The overarching question is this: how has it happened that the biggest constitutional change any nation can contemplate, supported only by a melange of inconsistencies cobbled together on the back of an envelope and threatening the most appalling economic consequences, after almost three years of debate, enjoys sufficient electoral support for the outcome to be too close to call? This, too, in a developed western nation that is supposedly highly educated. The answer is that, for many Scots, it is not the economy, stupid. It is a cultural climate of grudge, based on a dependency culture that, since 1945, has emasculated what was once a nation of entrepreneurs. For decades now, a process of self-indoctrination has been at work in Scotland, symptomised by the ubiquity of the Saltire flag, the popularity of the kilt and a petty attitude of small is beautiful. Lately, everything north of the Border is “wee” (“Can I have a wee signature?”). A wee country is a natural progression.
Scottish identity has been confused with proletarianisation. It is a self-consciously proletarian vote the SNP will pull out of sink housing estates on polling day.
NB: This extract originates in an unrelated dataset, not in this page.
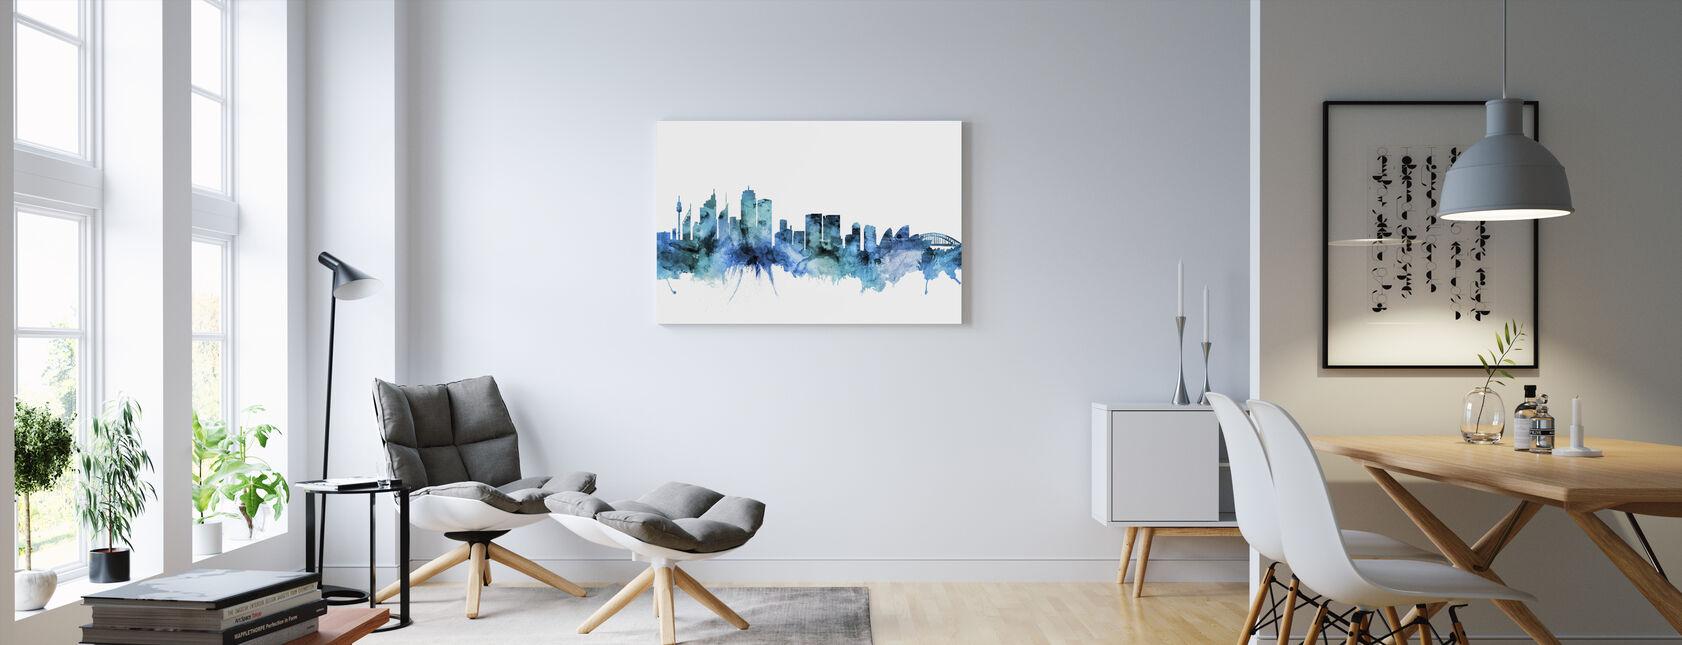 Skyline van Sydney Australië - Canvas print - Woonkamer
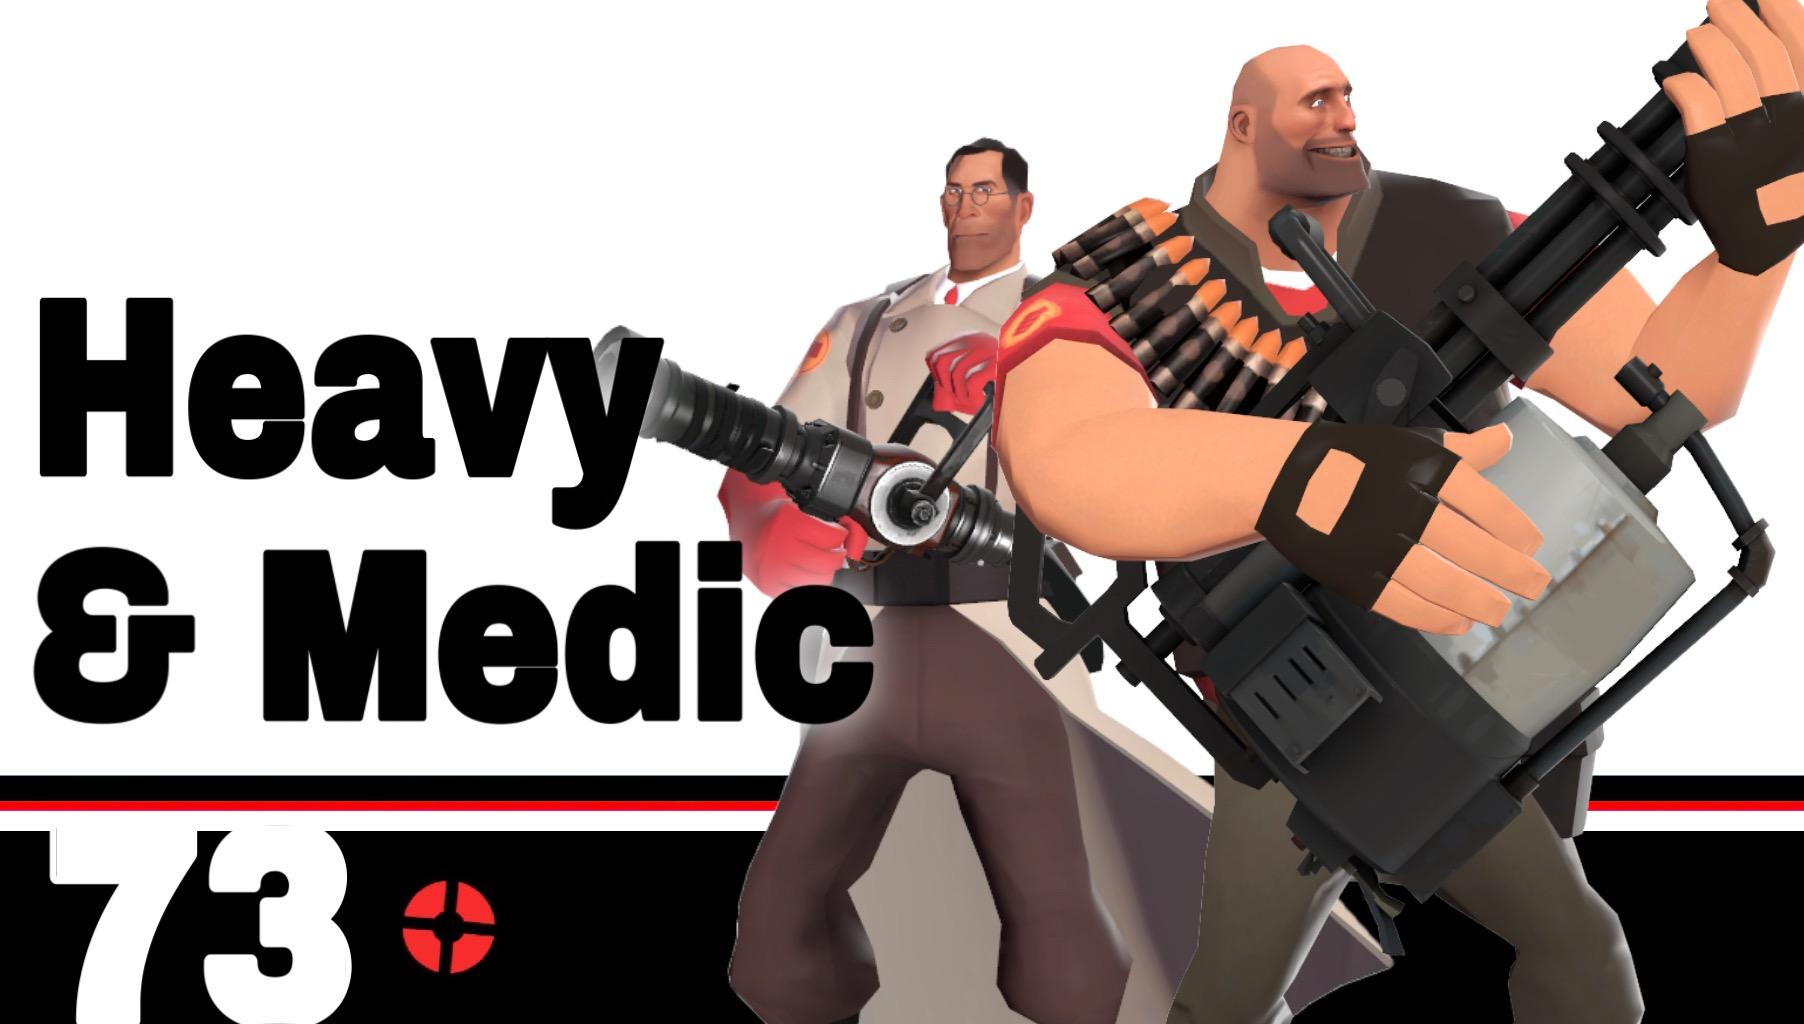 Heavy & Medic Smash Bros Splash Screen.jpg

Despite courting businessmen on the prawn cocktail circuit, Alex Salmond’s agenda is anti-entrepreneurial, high tax, big government, optimum welfare, for which the weasel euphemism is “a fairer Scotland”. A pseudo-bourgeoisie that is really a nomenklatura, employed by the state, does not challenge the infantile propositions of the separatists because it thinks it has nothing to lose. There may, however, be a dawning realisation (the latest poll returns No to a six-point lead) that the scale of the post-independence meltdown would liquidate even public spending. That is the one hope – that it’s the economy, stupid, after all.